Lady of the Roses
Sandra Worth
That's it. I'm done. I can't take it anymore.
I absolutely cannot read another book about the Wars of the Roses. Possibly ever.
In the past six months, I have read two other 400-page-plus books about this bloody period of civil wars in Merry Old England (The White Queen and A Secret Alchemy), and I didn't love either of them, I found them too dry and complicated and just too chock-full of battles and short on plot. When I reviewed each I got comments about how I should read The Sunne in Splendor, or else Lady of the Roses, instead. Sunne is out of print and hard to get, but I did come across Lady in the used book store, and so I snapped it up.
Disclosure: I actually started reading this book way back in October before setting it down. I picked it back up again to take home over the Thanksgiving holiday and you know, I was right in October. I should have left it on the shelf. Oh, it's not Sandra Worth's fault. She's a talented writer who knows her Yorks from her Lancasters, but I just. Cannot. Deal with feuding royals. ANYMORE.
Lord love her, Worth tries so hard to make this book unique among its kith. Most everybody who writes historical fiction about this time period writes from the perspective of Richard III or Elizabeth Woodville, but Worth picks the lesser known Isobel Ingoldsthorpe, ward of Queen Marguerite d'Anjou, a Lancastrian lady who marries John Neville, Yorkist leader. It's a refreshing twist (it's not Lizzy Woodville!) but in the end, it's not refreshing enough. I read for a hundred pages about Isobel and John's complicated courtship--and then it was just battles, battles, battles. And more battles. On and on and on. It never ends.

"And then Edward of York went to Wakefield, and then he was captured, and then he escaped and then he was captured again, and then he went to Bosworth, and he was captured..."
And if Worth took some care with her plot, I just have to say this: I would so so so so SO love to read a book about a woman in this time period who is not all sweetness and light. Back then women were treated like utter and complete shit and every heroine of every book like this just doesn't seem to mind. And like, they wouldn't know any other way, but there's got to be at least one of them who is like, FTS, FML. They were also pretty much sold off to the highest bidder, women were, where matrimony was concerned, but these heroes and heroines also have such passionate, heartfelt feelings for one another. They write each other sonnets. They say things like, "Thou art my angel, dearest one!" Just once I would like the lady of the roses I am reading about to be pissed off and not fond of her oafish husband. "That rat bastard's gone to Bosworth--good riddance!"
The whole point of historical fiction is to acquaint you with a time period by making it palatable, and disguising history as something entertaining, by making you like and relate to these characters. But so often in these books, the author slips, and reveals that really it's not about them but their history, instead. Worth does this a little. I have to call her on it. You think you're reading a love story, or an account of someone's life, but then you get breezy chapters that gloss over the span of five years in a few paragraphs, like, "1487 was a peaceful year. 1488 dawned chilly and cold and then went out in splendor. In 1489, trouble returned in the form of forces massing on Blore Heath." Like, I know the battles and the history drive the plot, but don't try to play me like that. You just omitted three years in the protagonist's life, and that reminds you that it's not about the character, after all, and distances you from them.
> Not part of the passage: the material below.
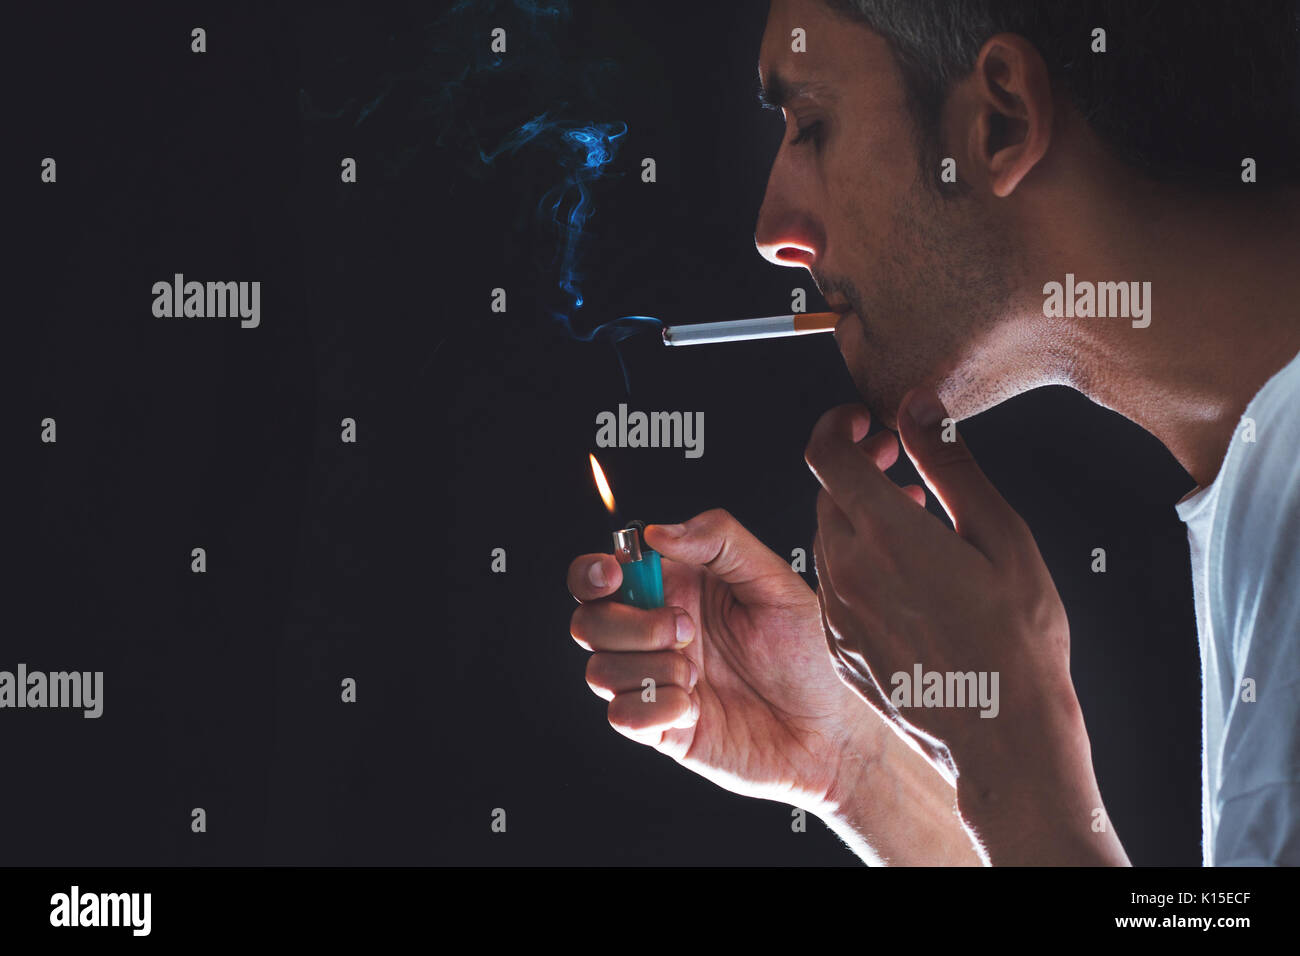 close-up of a man lighting a cigarette in a dark atmosphere Stock Photo

I mean, something happened to them in those years. But it's not important I guess, so why am I supposed to care? You're reminded that the character is just a vessel for this story.
I couldn't finish this book. BECAUSE I DON'T CARE. Because in the end, as interesting as the idea of one family of royals feuding against the other is, in the end they're just made up of two groups of people who think that, for some reason, by virtue of their birth, they can set themselves up over everybody else, and command them, and execute them at will. I think I was supposed to weep bitter tears when a person in this book met his untimely end (query: I'm trying not to spoil you, but can you spoil somebody about something that's in a textbook?) but all I could think about was the three thousand poor commoners who were roped into fighting for this bama and also died, and whom I wasn't supposed to cry for, I guess. Because their parents weren't Plantagenets. Or something.
It could just be that I'm burnt out on this topic. I don't know. I can't think anymore. Maybe I'll give this book another chance sometime, after enough time has passed so that the story seems fresh to me. So like, when I'm seventy. I'll finish it then.
Rating: abandoned
I'm over this time period too! I feel like there have just been one too many books written lately right now about this and they are all dry. I love historical fiction but these make them hard to get through.
ReplyDelete*grin* So....would this be the wrong time to say that you should REALLY read The Sunne in Splendor??
ReplyDeleteNo kidding, Elizabeth! Of course I'm speaking from the perspective of having read The Sunne in Splendor, but Sandra Worth's writing is to Sharon Kay Penman's like cheap, old moldy milk chocolate is to the good, super-dark kind.
ReplyDeleteAs for this era, it's getting done to death like the Tudors were/are. I prefer to stick to the older and possibly OP titles when it was still fresh in the publishing world. The more recent titles have that rushed knock-off feel to them. Bland.